Note to self: this includes fabric and dress patterns. Knitting yarn is negotiable, as I can’t afford a jumper’s worth of handmade!

Lush Henna...

Walk the talk
Stop just collecting ancient almost-empty deodorant tubes and fossilised bits of soap, and actually get around to recycling them. Make tutorials, blog about it, show how easy it can be. When the current pots of Lush hand cream and moisturiser run out, make some. Share recipes. Also, throw out any old half-used tubes of stuff that are probably full of bacteria and yuck by now. (Save any useful jars though!) Go through the ever-increasing collection of aromatherapy, natural remedy and herbalism books, and actually read them! Or give them back to Oxfam. There probably isn’t a prize for owning the most copies of Culpeper. (Especially when they’re all cheap editions from the 1980s.)

Recap from 2012…
I think the only resolution I’ve actually managed to keep from last year has been stop messing with my hair.
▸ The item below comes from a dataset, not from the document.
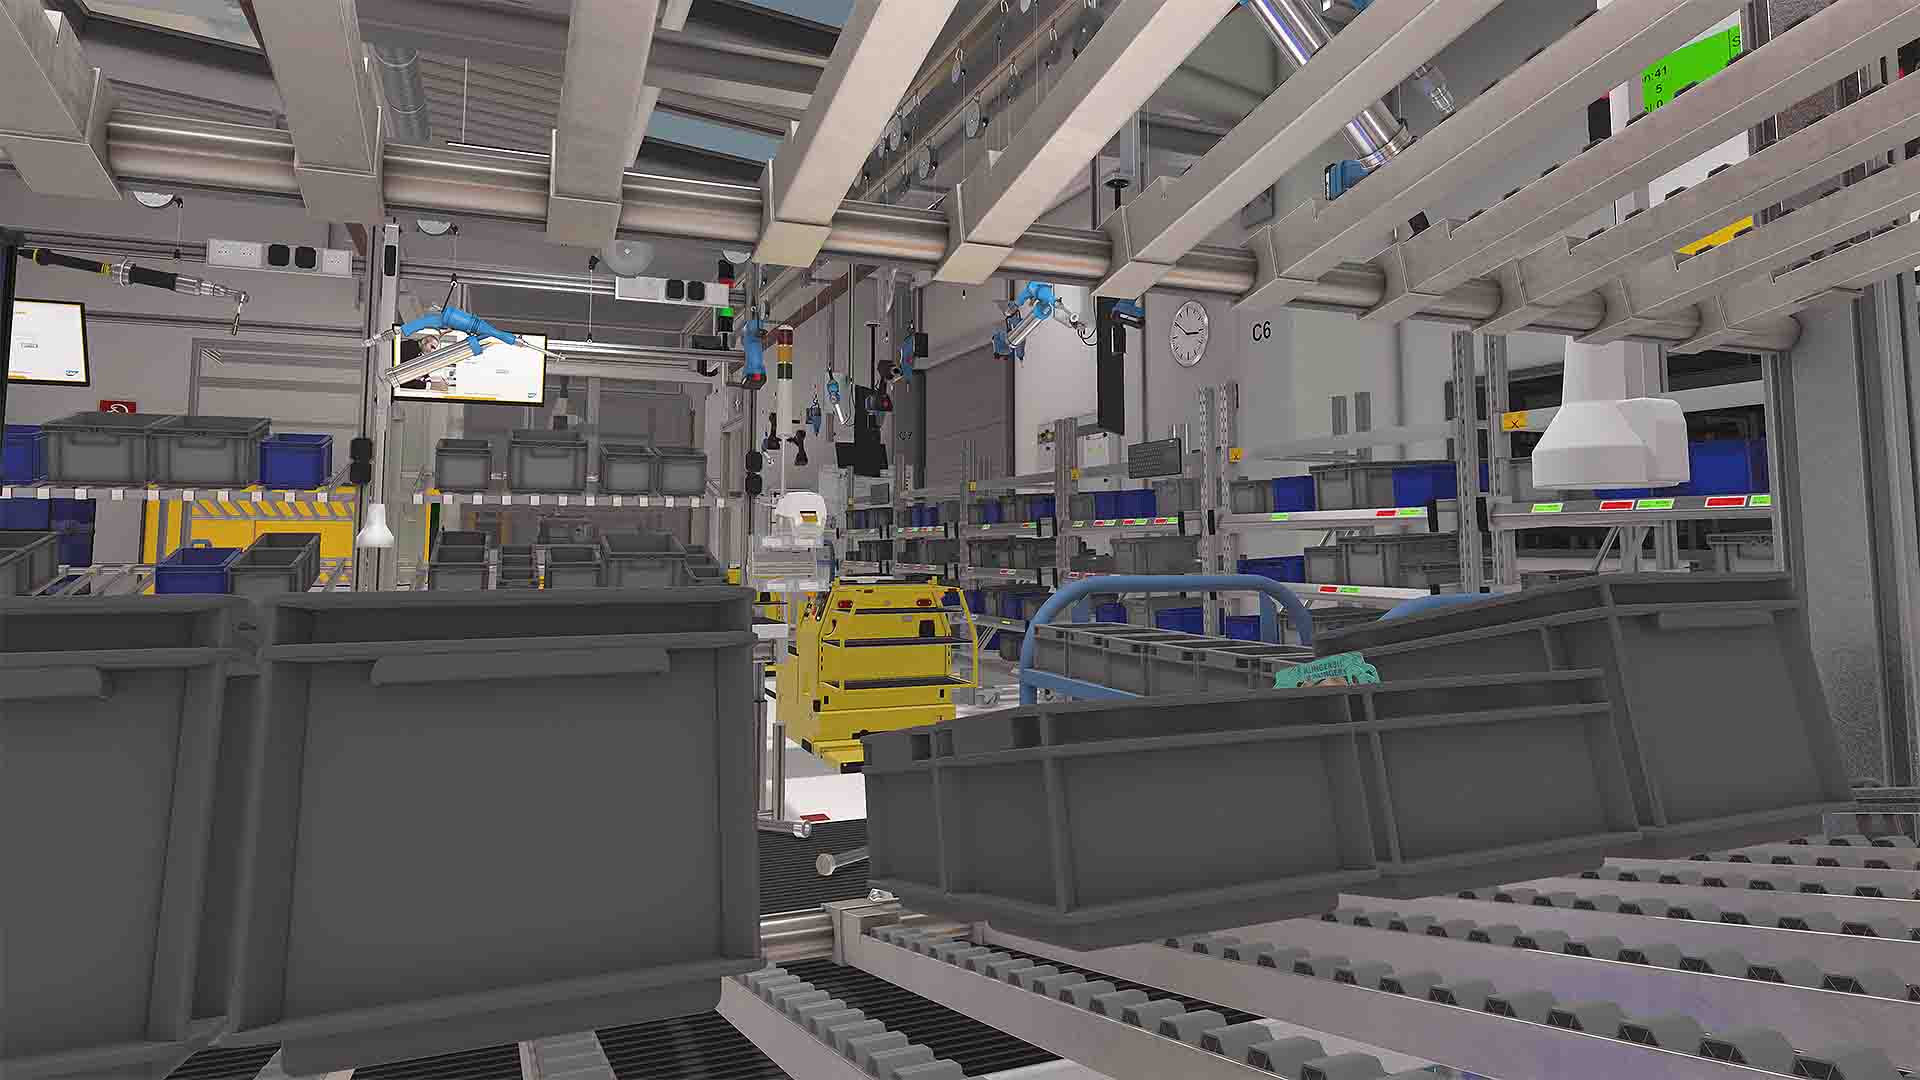 BRP-Rotax nutzt Virtual Reality, um seine Mitarbeiter effektiv, kostengünstig und standardisiert in verschiedenen Produktionsprozessen zu schulen.

Well, for a certain value of “messing with”, anyway. I have cut in a fringe and shaved an undercut… but I haven’t bleached it or dyed it a funny colour, and I’ve let the top layer grow. My intention is to continue not messing with it, except for henna if I can be bothered, and one decent haircut to get rid of the last remaining inch of bleach damage.

Most of these resolutions are things I’ve been thinking about, or doing a bit half-heartedly, for ages anyway. Hopefully the beginning of a New Year will encourage me to actually make the effort!